The Bibliothèque universitaire des langues et civilisations (BULAC) is a major academic library located in Paris Rive Gauche and which has been open to the public since its 2011 opening. The library has a scope that includes  all languages and civilisations that are not those of the Western World. It provides more than one million documents written in all languages,  formed from the former collections of more than 20 libraries.

Building 

The construction of the building began in summer 2008. The architect is Yves Lion. The library has five floors within the building, the public space is on three floors with 910 seats.

The building is under the responsibility of the region Île-de-France which also provided two-thirds of the financing, the French State provided the rest. The financing was about 80 million euros.

The operating cost is about 2.5 million euros per year.

Status 

The BULAC is legally a  made of the following institutions:
The French State ();
Institut national des langues et civilisations orientales (Inalco);
École pratique des hautes études (EPHE);
School for Advanced Studies in the Social Sciences (in French: École des hautes études en sciences sociales, or EHESS);
École française d'Extrême-Orient;
Pantheon-Sorbonne University;
University of Paris III: Sorbonne Nouvelle;
Paris-Sorbonne University (which became Sorbonne Université in 2018);
Paris Diderot University (which became Université Paris-Cité in 2022);
centre national de la recherche scientifique (CNRS).

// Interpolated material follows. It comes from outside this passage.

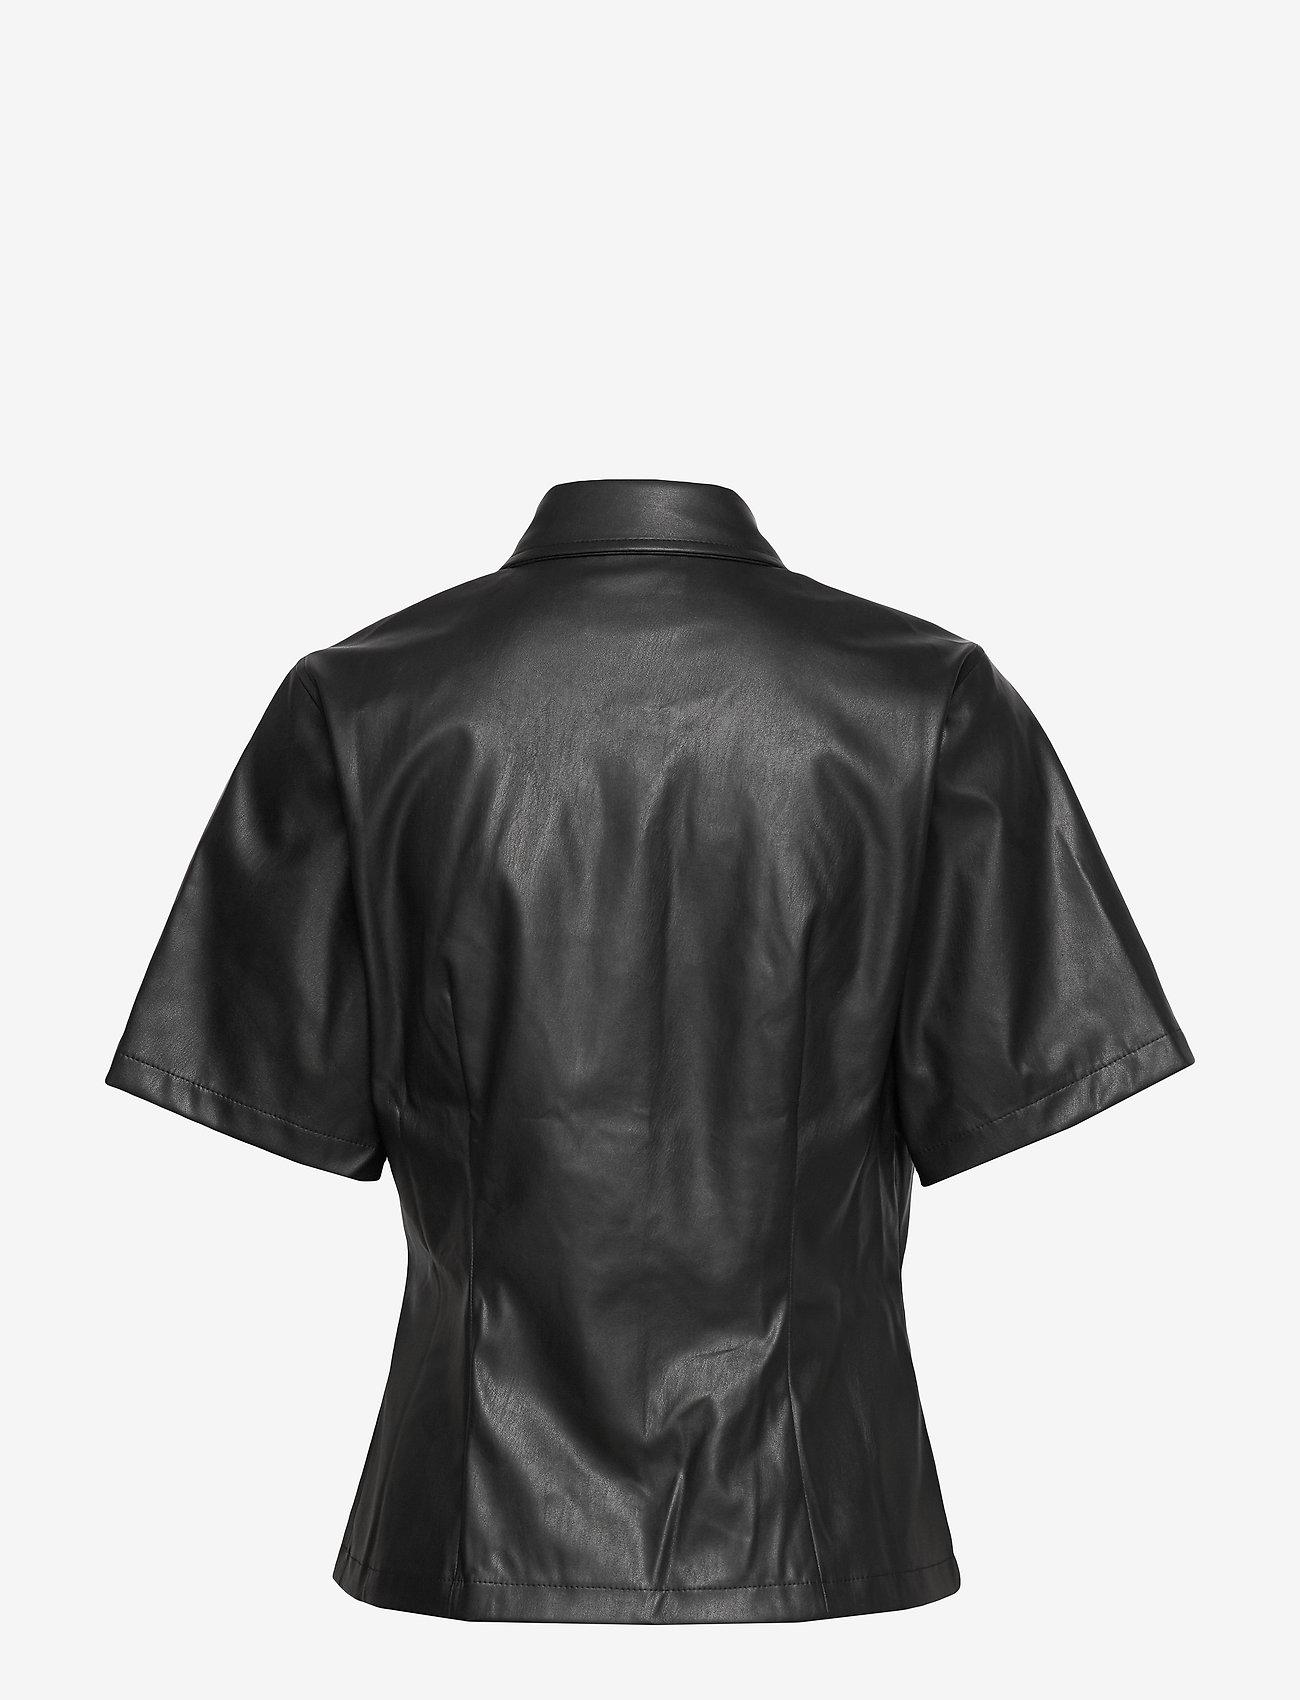 New Skin Shila (Black) (89.40 €) - Mads Nørgaard 6NzyY
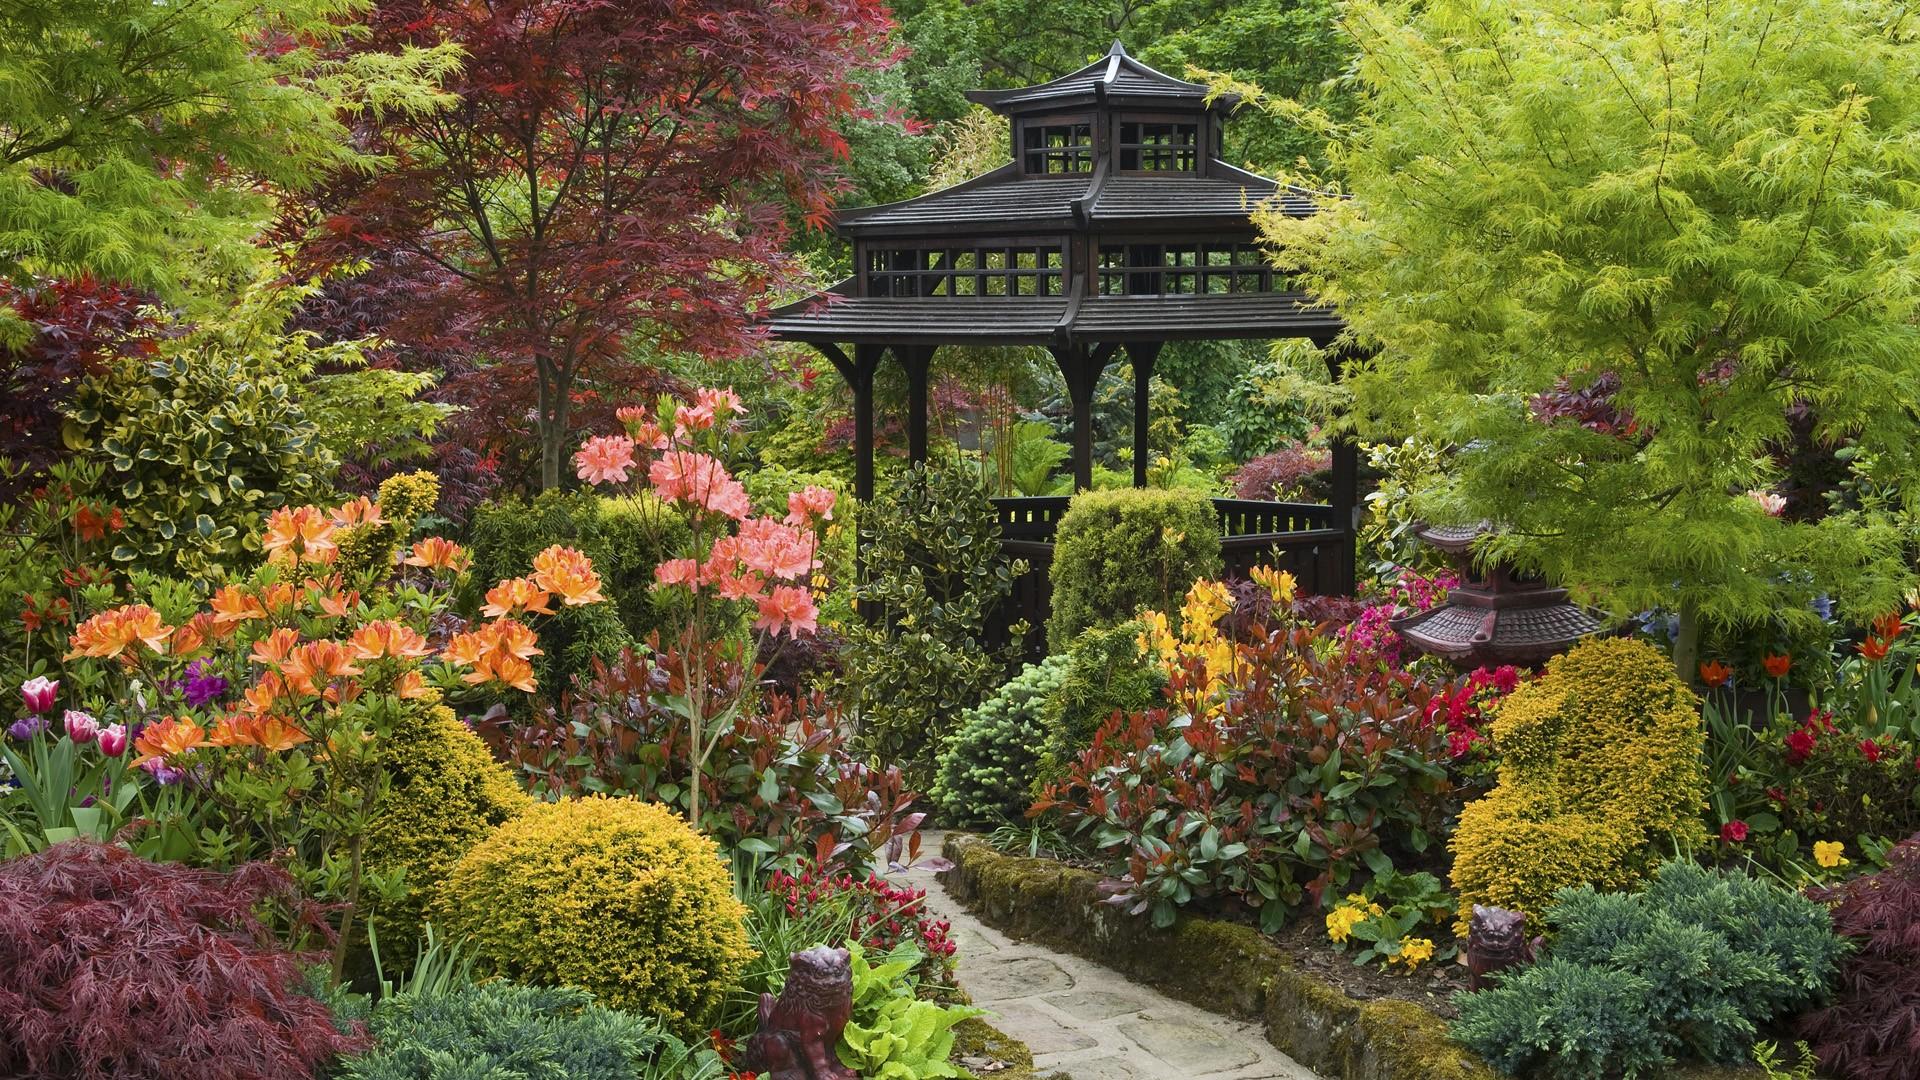 zen garden Find great deals on ebay for zen garden in home dcor items shop with confidence.

The BULAC is administrated by a general assembly where the ministry has four representatives (two interested in higher education, two interested in research). The other preceding institutions have one representative each. A scientific council or conseil scientifique made of French and foreign professors and researchers defines the general Collection Management Policy.

 Direction

BULAC direction is made of a director, a vice-director and a scientific director.
 Director: Marie-Lise Tsagouria
 Vice-director: Jean-François Chanal
 Scientific director: Benjamin Guichard who took over from Francis Richard in 2015

Collections 

The collections of the library include 1.5 million volumes which cover 350 languages in 80 alphabets.

Libraries incorporated 

BULAC gathers the former collections of about twenty different libraries of specific interest. The main of these libraries is the Bibliothèque interuniversitaire des langues orientales (formerly the bibliothèque de l'École des langues orientales), which was located until 2011 on four different sites, including Inalco.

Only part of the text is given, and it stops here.